Required work:
In the material below, begin at the line that has "Uttermost Mirrors - Oval", stop after the line that has "Picture of Cute Teddy Bear Piggy Bank Toy", and transcribe those lines exactly, without pictures.

Supplied material:
=== Begin Enclosure ===
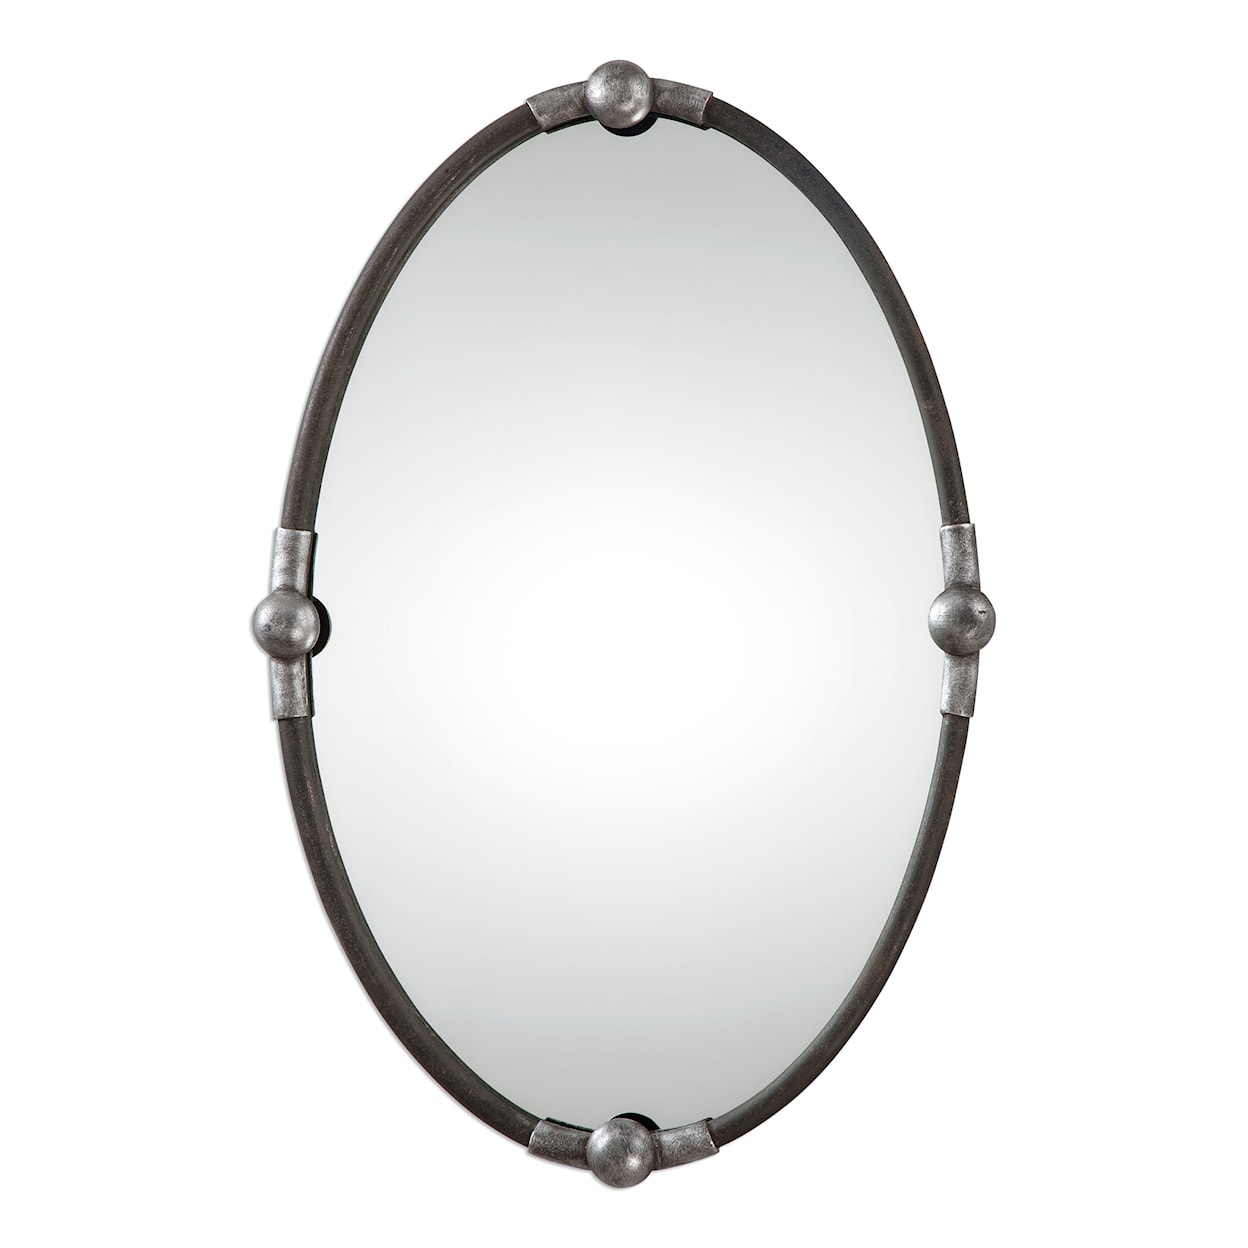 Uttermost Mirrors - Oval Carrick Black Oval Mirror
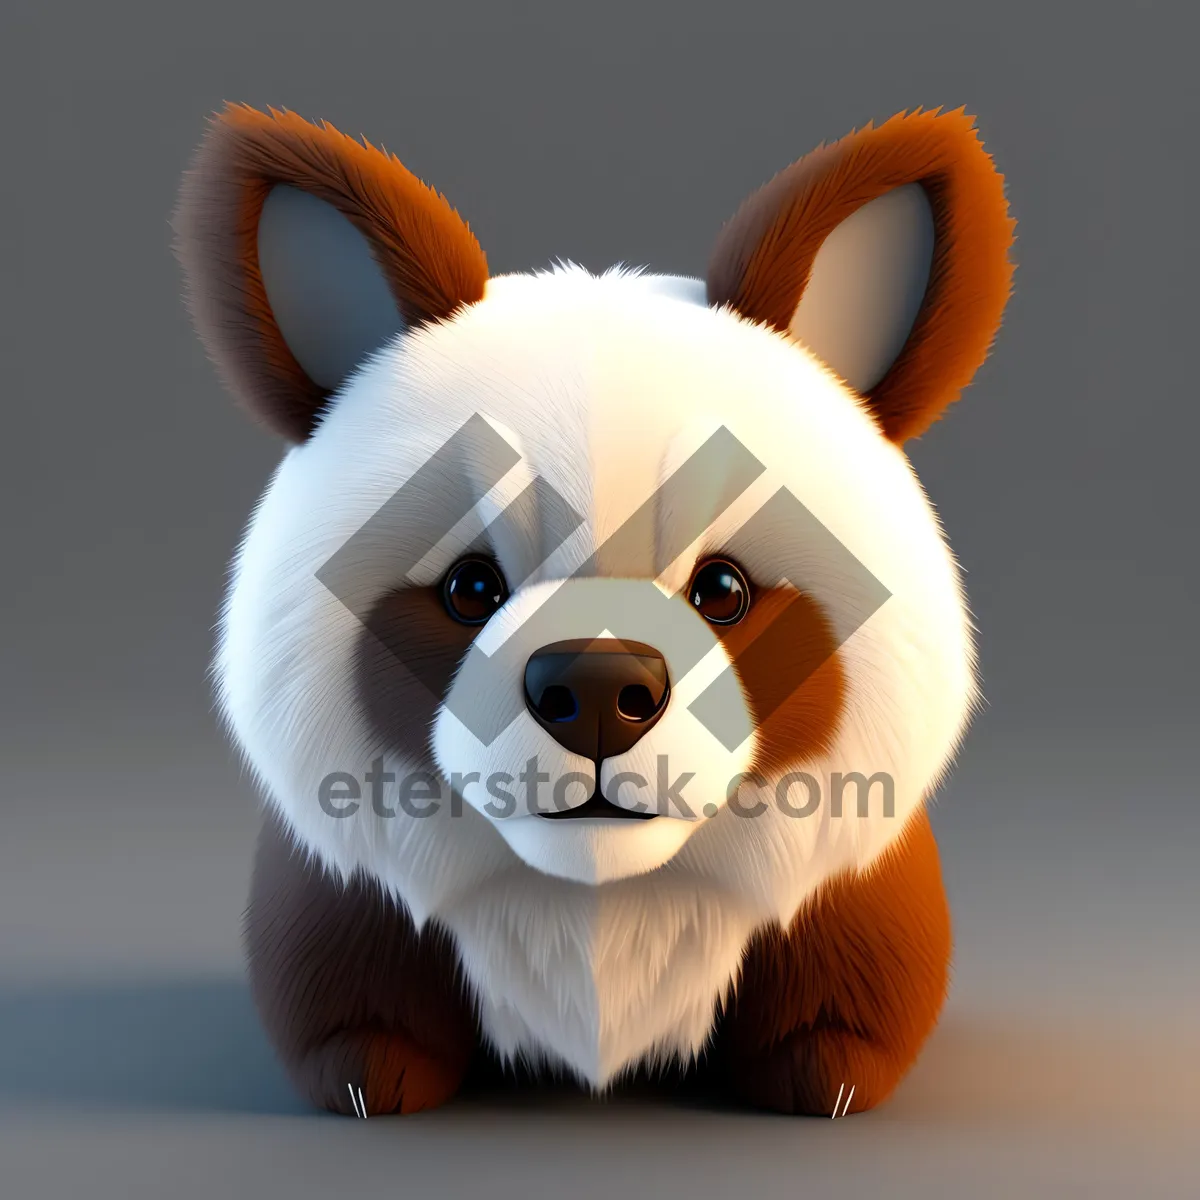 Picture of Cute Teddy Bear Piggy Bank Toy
=== End Enclosure ===
=== Begin Enclosure ===
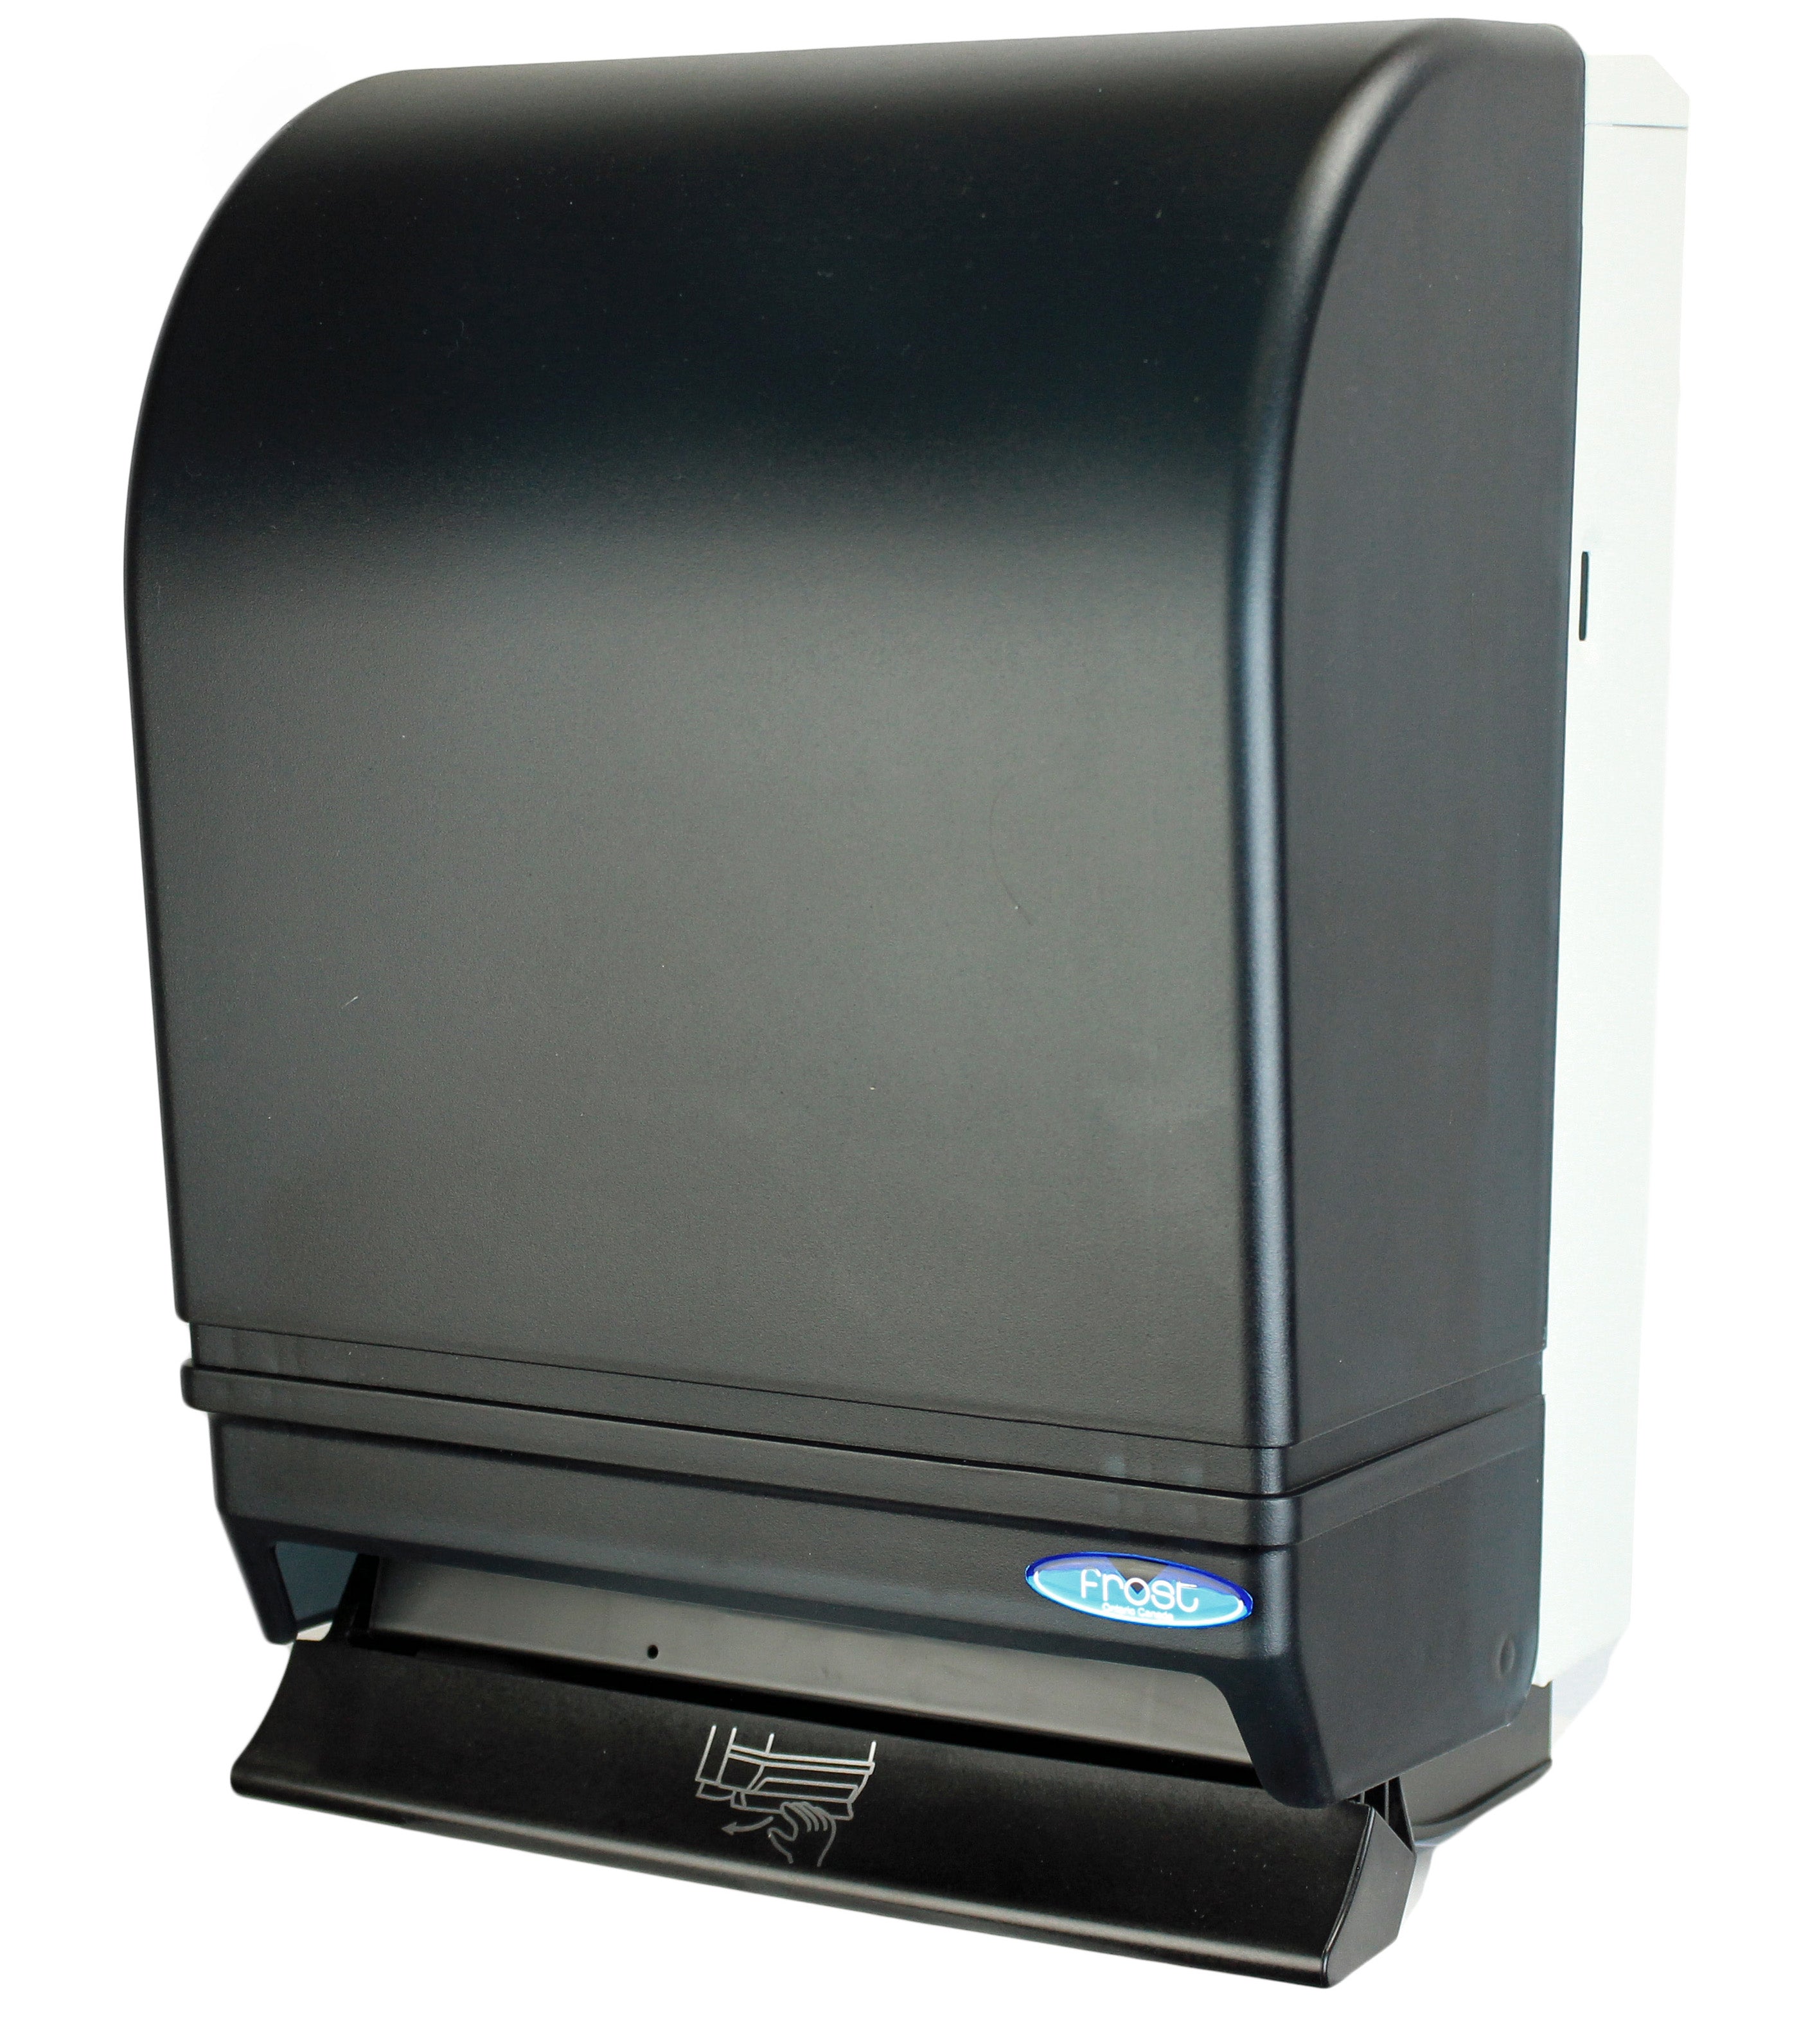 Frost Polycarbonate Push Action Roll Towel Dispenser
=== End Enclosure ===
Answer to this exercise:
 Uttermost Mirrors - Oval Carrick Black Oval Mirror
 Picture of Cute Teddy Bear Piggy Bank Toy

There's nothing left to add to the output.